Exercise 2 (Beginner): Create subplots with different sizes: one large plot and three smaller plots. Use width_ratios or height_ratios. Apply a style.
Exercise 3 (Intermediate): Create 4 subplots with sharex and sharey. Explain how shared axes simplify zooming/panning. Create both row-wise and column-wise sharing.
Exercise 4 (Intermediate): Create a figure with custom colors, line styles, markers. Apply alpha transparency.
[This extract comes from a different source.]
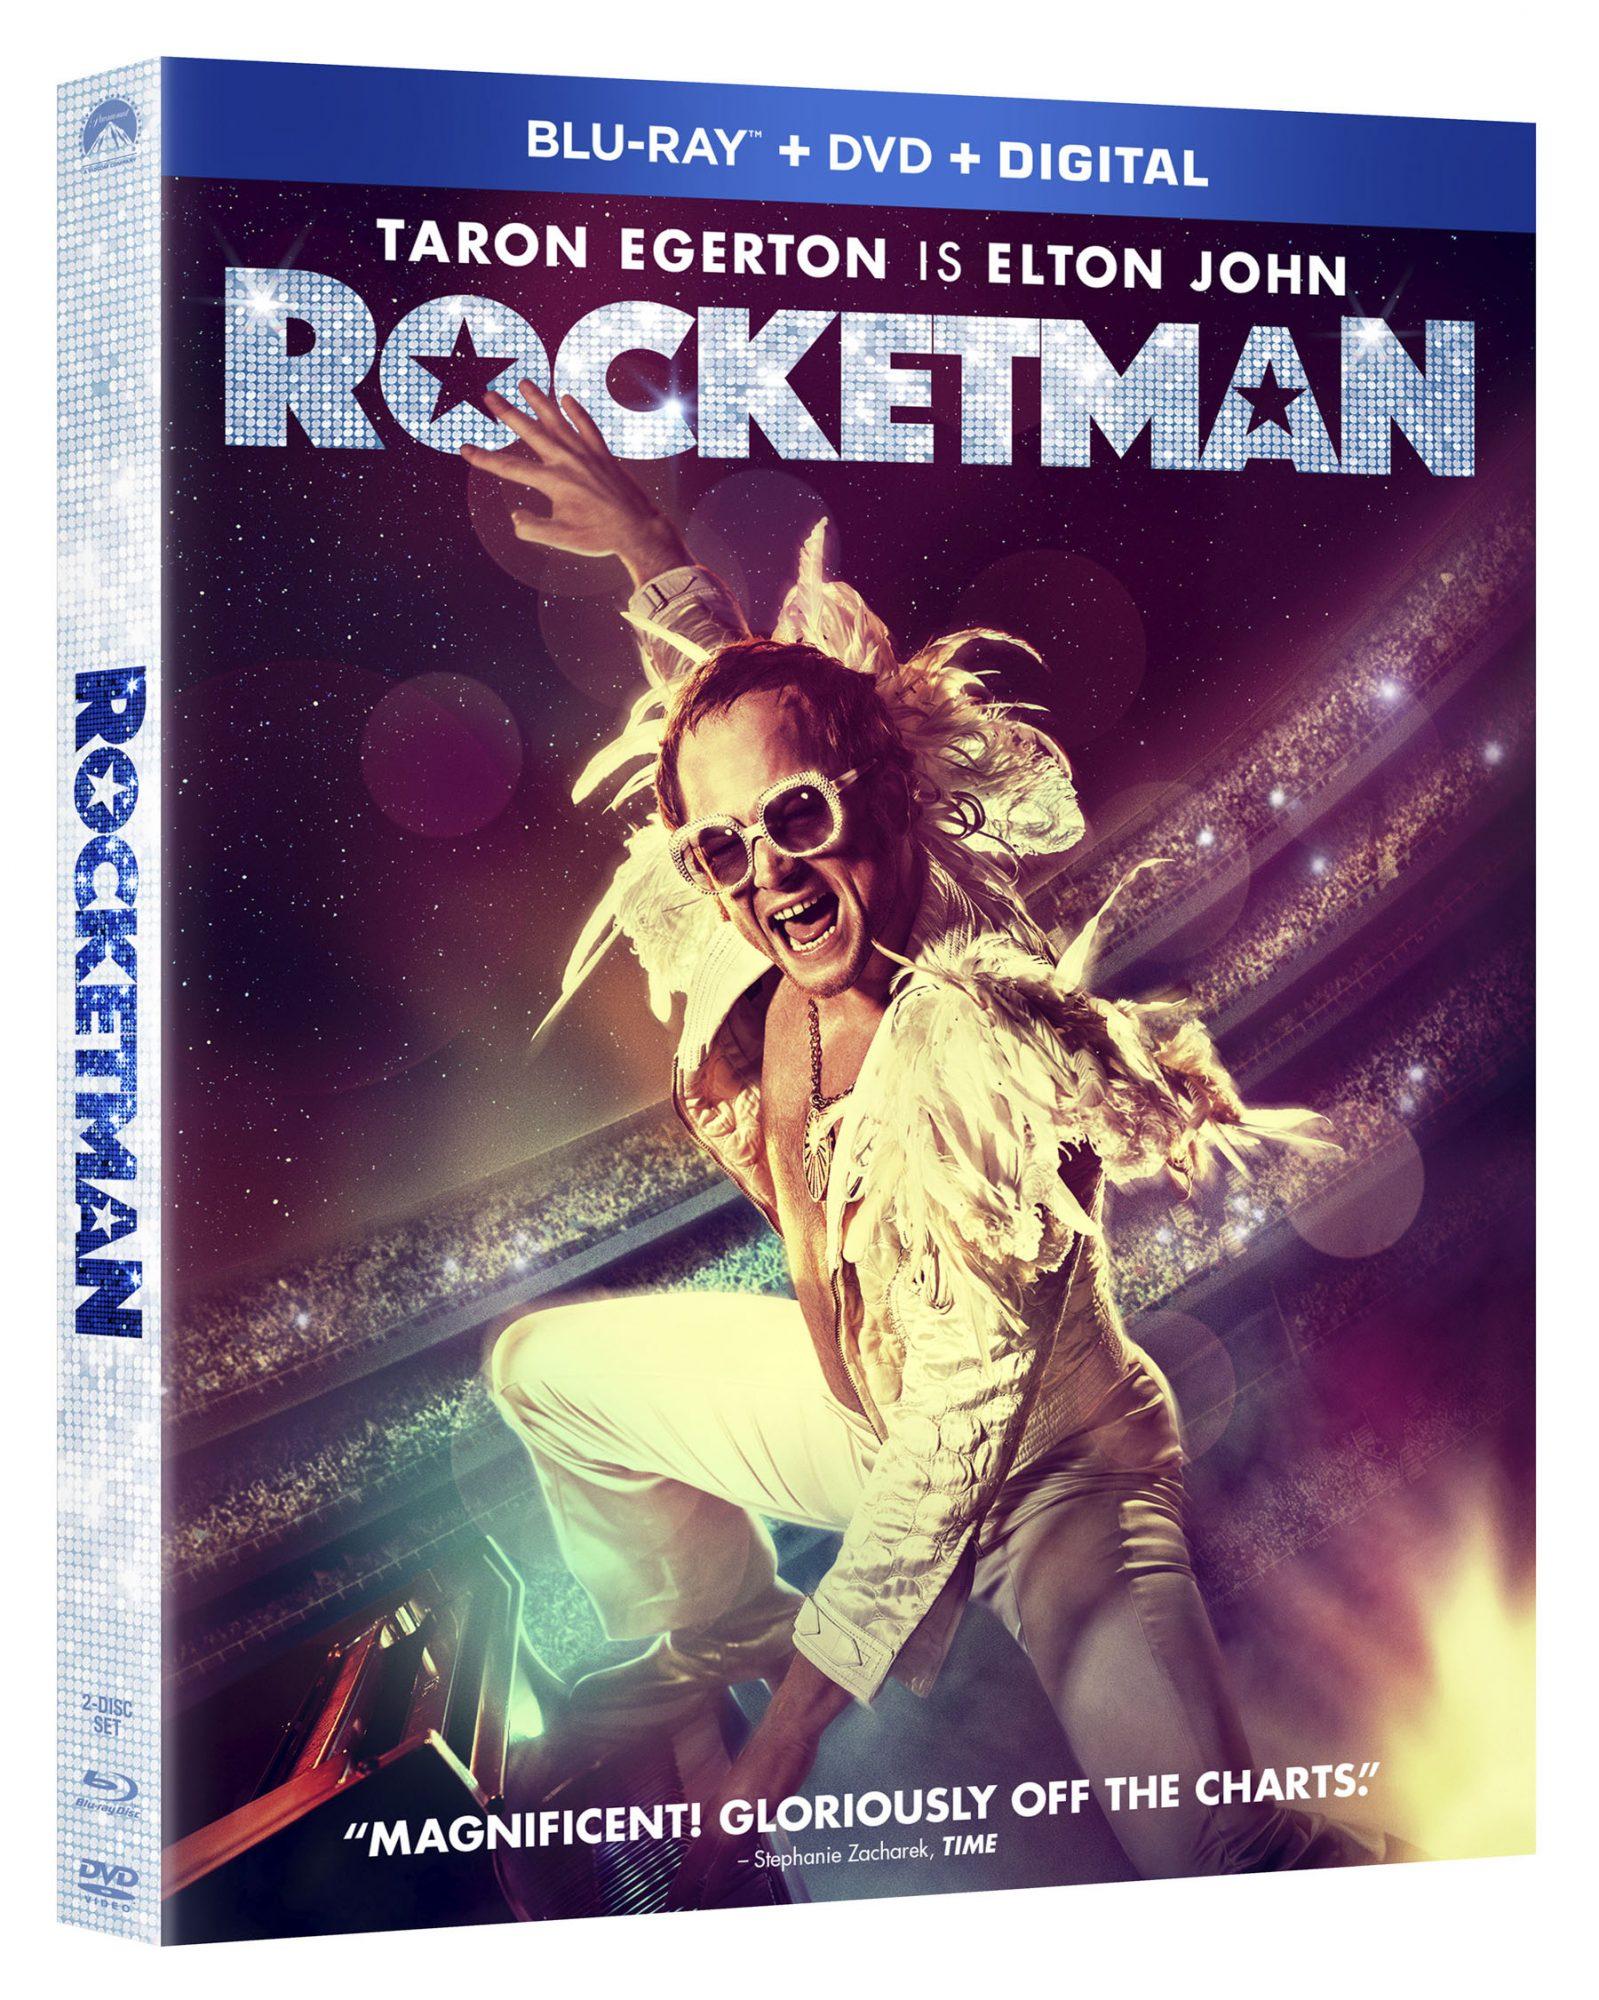 Rocketman DVD/BLU-RAY box art CR: Paramount Pictures

Create custom colormaps and legends.
Challenge (Advanced): Create an inset plot (subplot within subplot). Use GridSpec for complex layouts. Customize every element (spines, ticks, labels).
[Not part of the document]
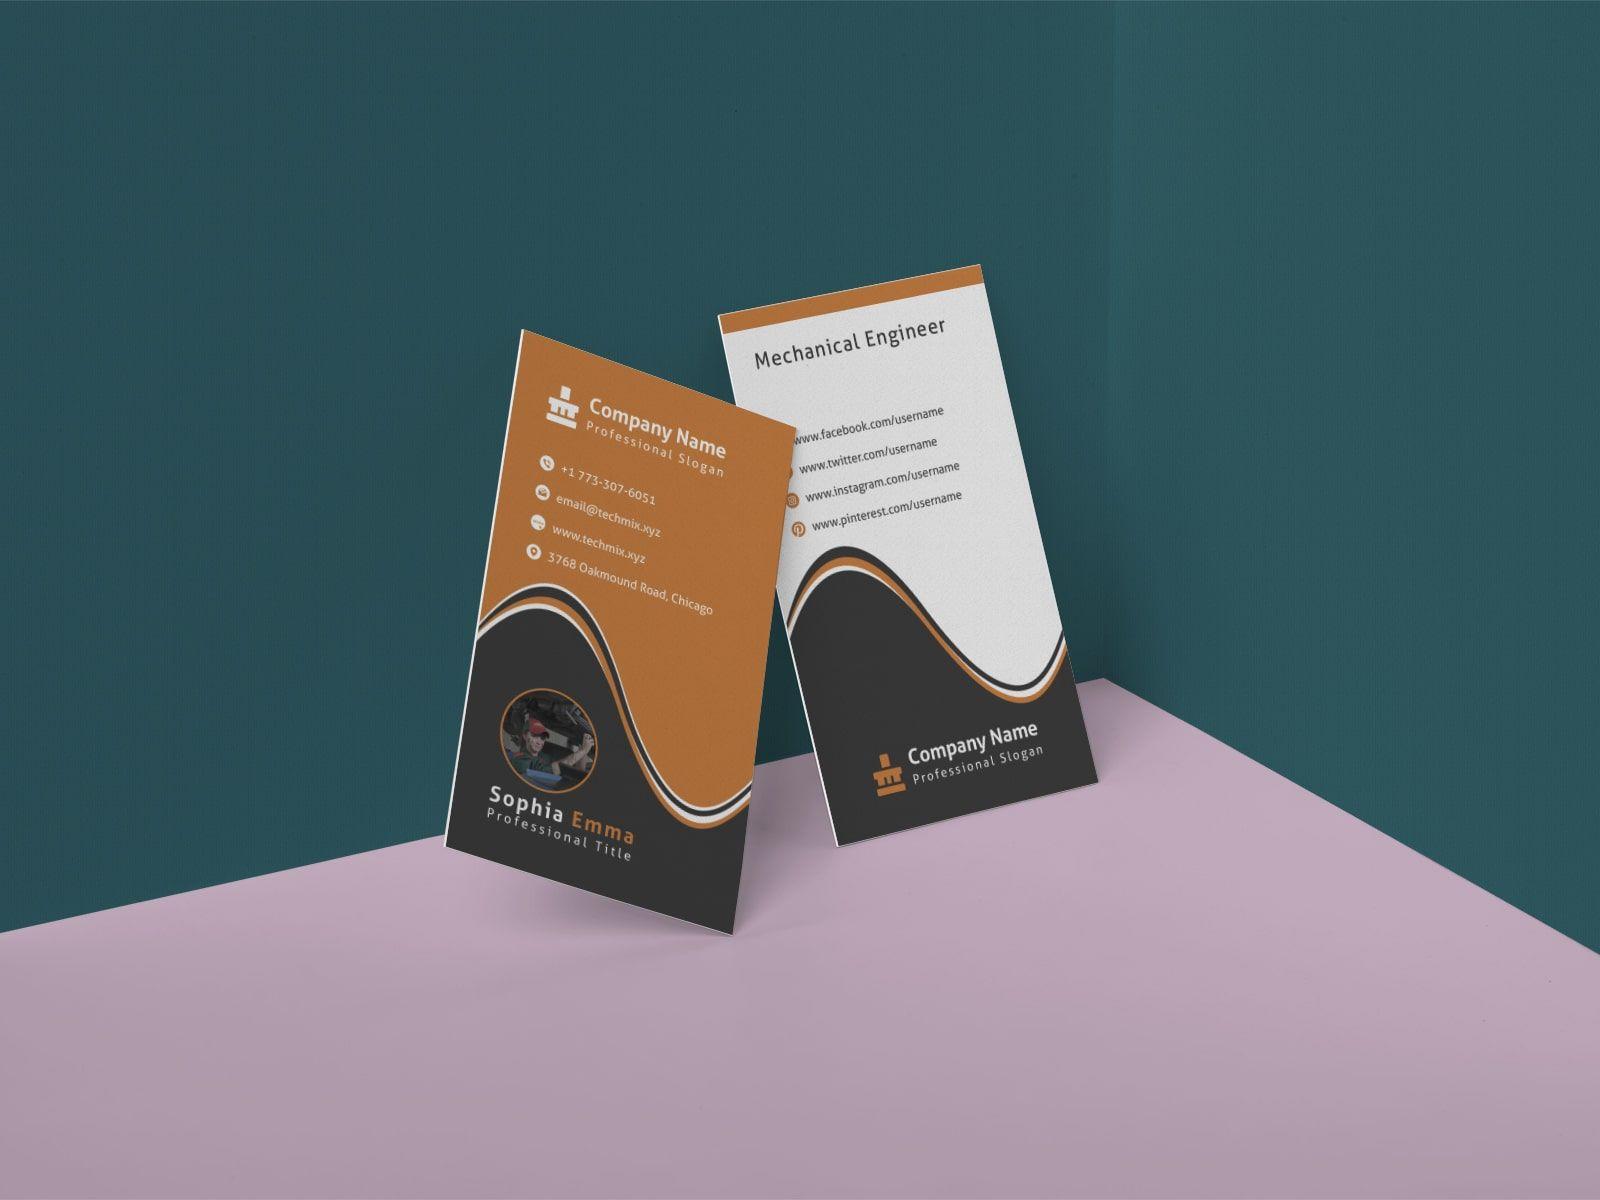 Mechanical Engineer Business Card Template Business Cards Collection Mechanical Engineering Business Card Template

Seaborn: Statistical Graphics
Seaborn builds on Matplotlib, providing beautiful defaults and high-level functions for statistical visualizations. It integrates seamlessly with Pandas DataFrames.
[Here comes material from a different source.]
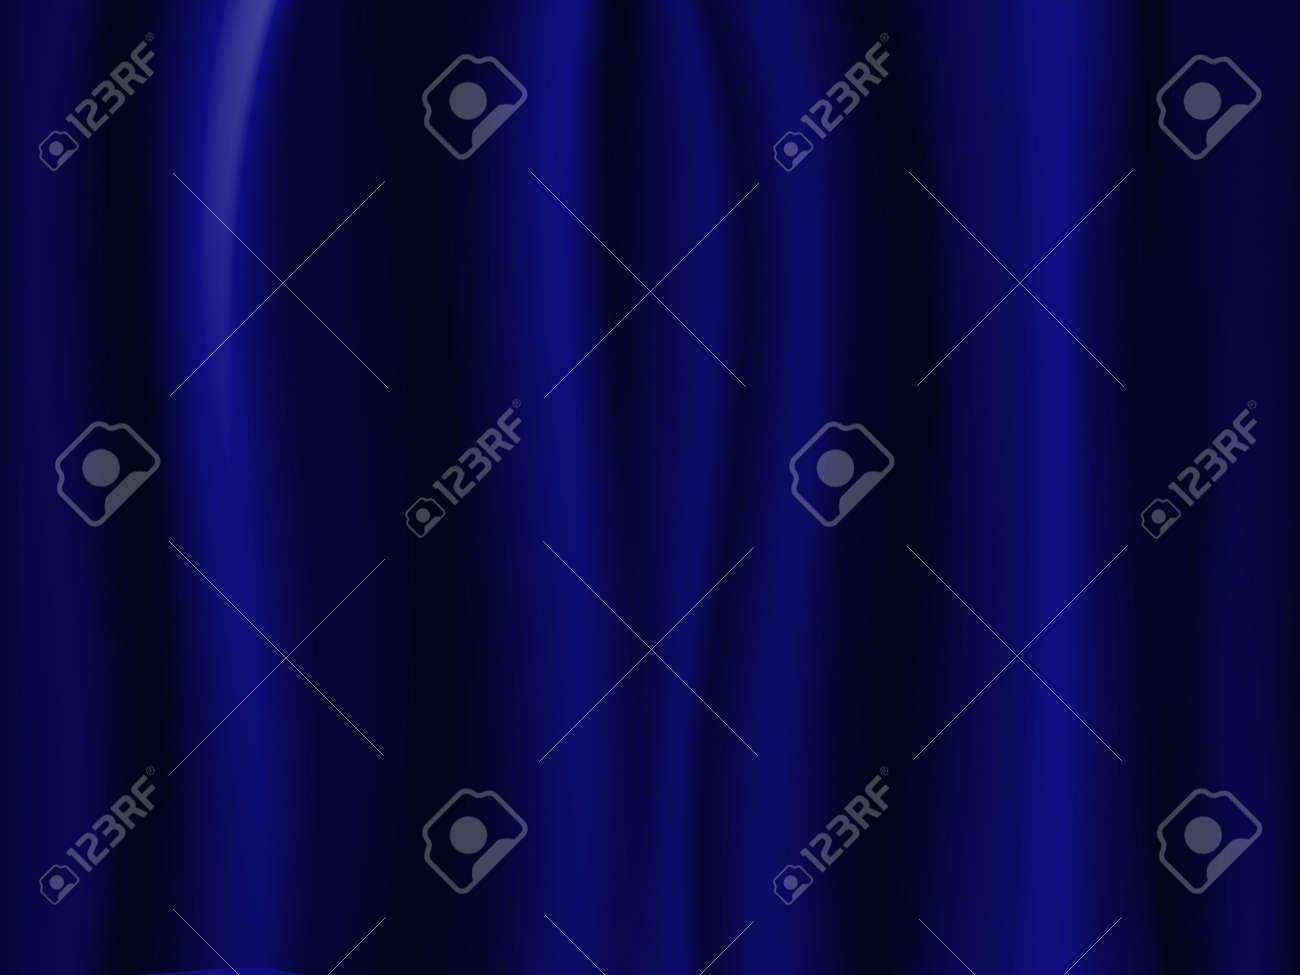 Wavy Dark Blue Curtain Beautiful Like A Wallpaper Stock Photo

Figure 3: Seaborn statistical graphics gallery — high-level plot types for common data analysis tasks
import seaborn as sns
# Set seaborn theme
sns.set_theme(style='whitegrid')
# Load sample dataset
tips = sns.load_dataset('tips')
print(tips.head())
# total_bill tip sex smoker day time size
# 0 16.99 1.01 Female No Sun Dinner 2
# 1 10.34 1.66 Male No Sun Dinner 3
# ...
Why Seaborn?
? Beautiful defaults (colors, fonts, spacing)
? Built for Pandas DataFrames (column names as labels)
? Statistical visualizations in one line
? Automatic legends and color schemes
Seaborn Datasets: Load and Explore
Seaborn provides built-in sample datasets perfect for learning and testing visualizations:
import seaborn as sns
# Get list of all available datasets
available_datasets = sns.get_dataset_names()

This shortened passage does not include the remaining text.